#### Source material
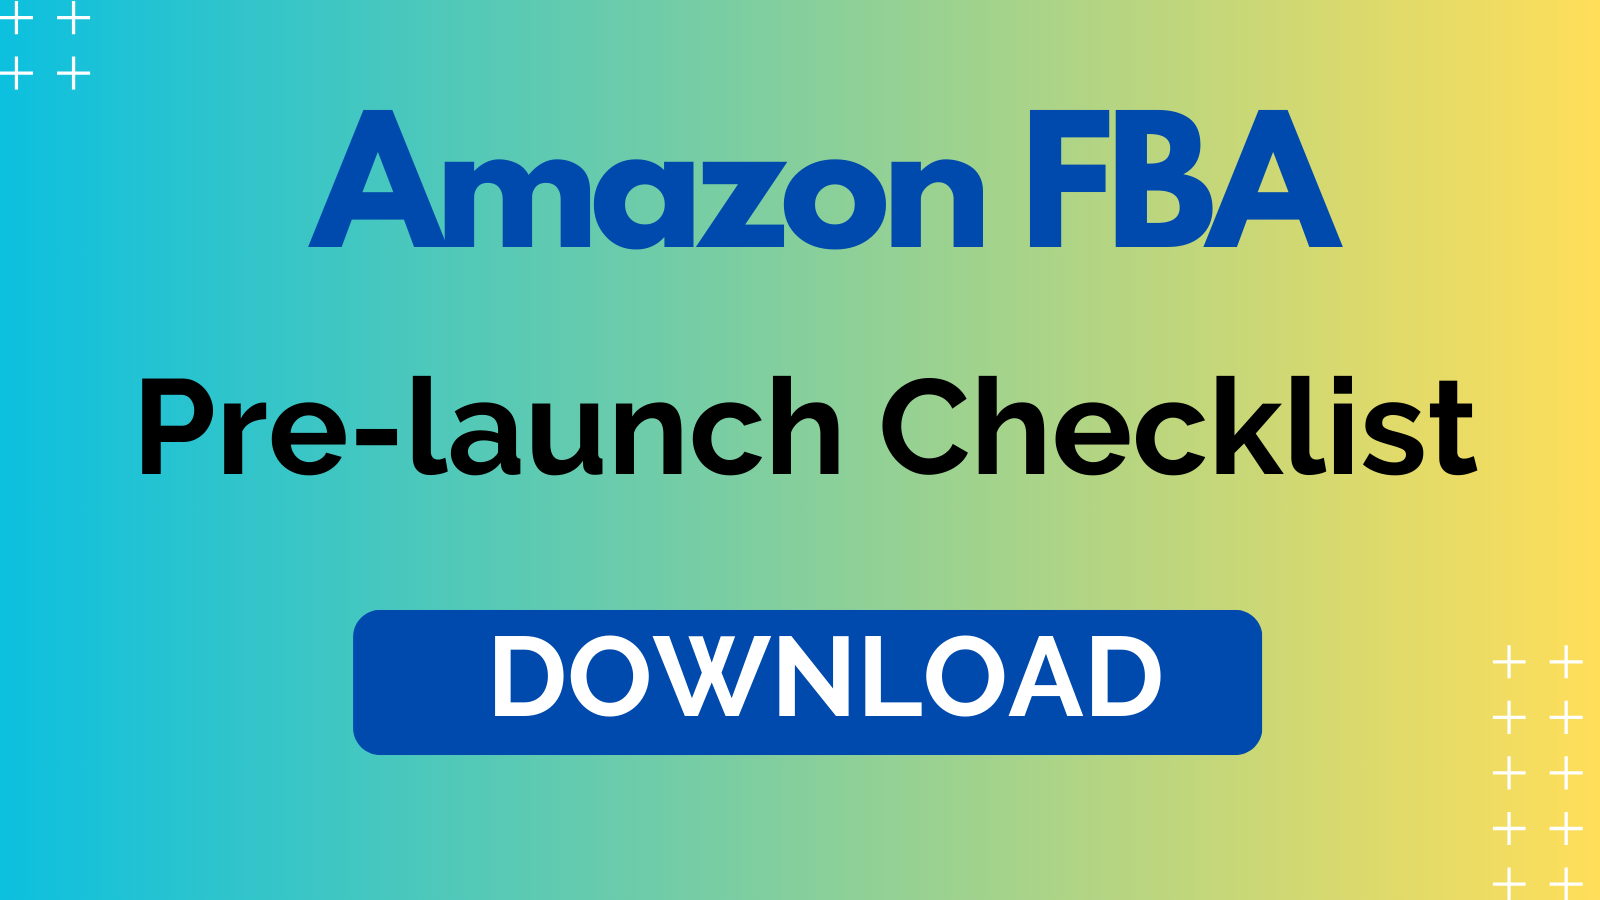 Amazon FBA pre-launch checklist
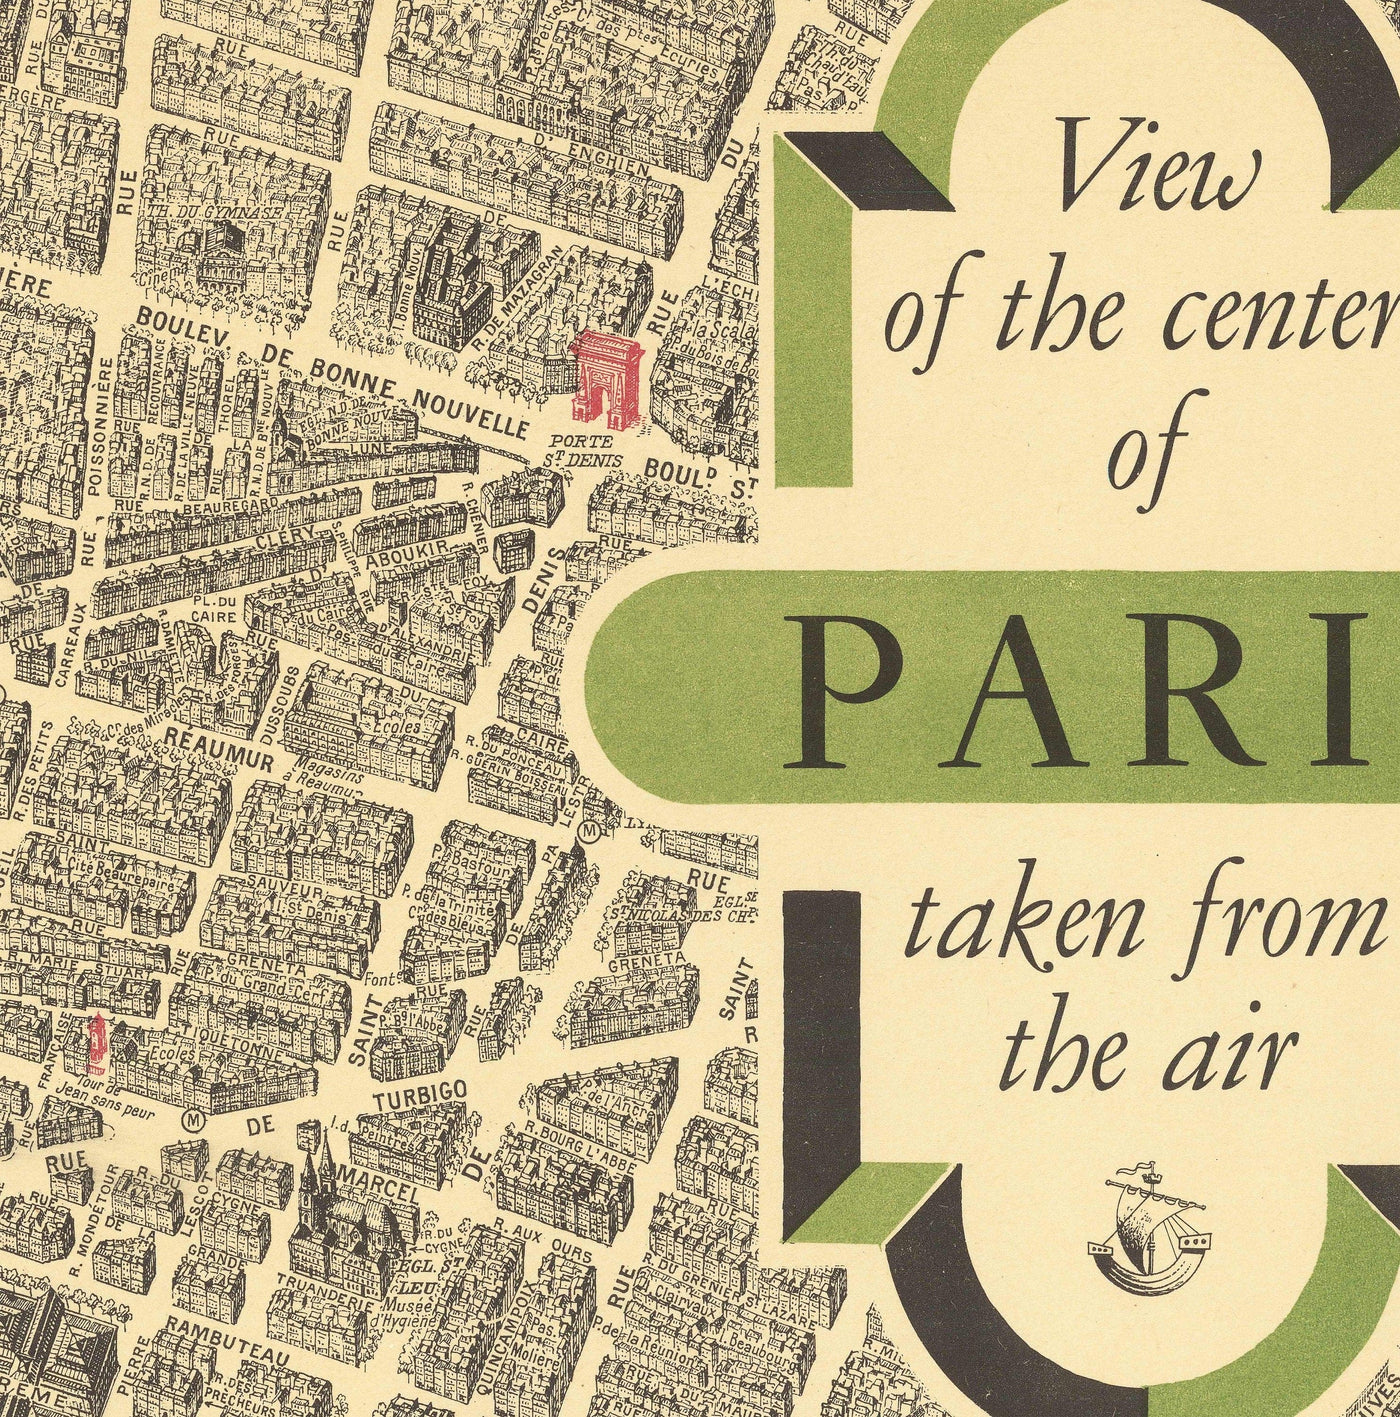 Mapa antiguo raro de París, Francia de Georges Peltier, 1950 - Louvre, Notre Dame, Sainte-Chapelle, Torre Eiffel
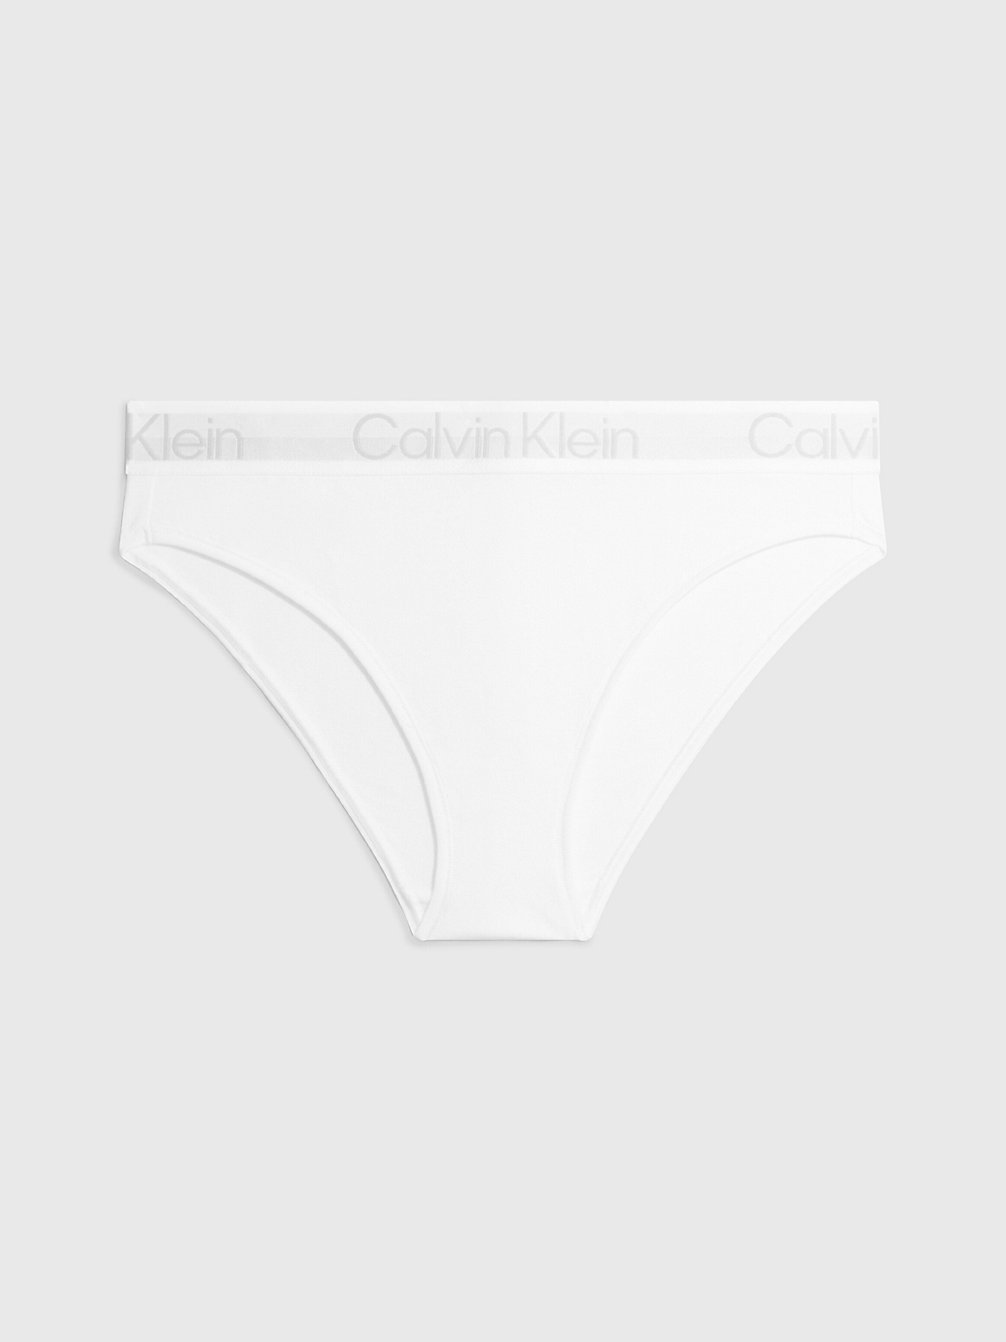 WHITE > Figi - Modern Structure > undefined Kobiety - Calvin Klein
########
All lines from the one holding "Mapa antiguo raro" to the end of the listing above need to be duplicated exactly. None of the pictures should be included.

__Task solution__.
 Mapa antiguo raro de París, Francia de Georges Peltier, 1950 - Louvre, Notre Dame, Sainte-Chapelle, Torre Eiffel
 WHITE > Figi - Modern Structure > undefined Kobiety - Calvin Klein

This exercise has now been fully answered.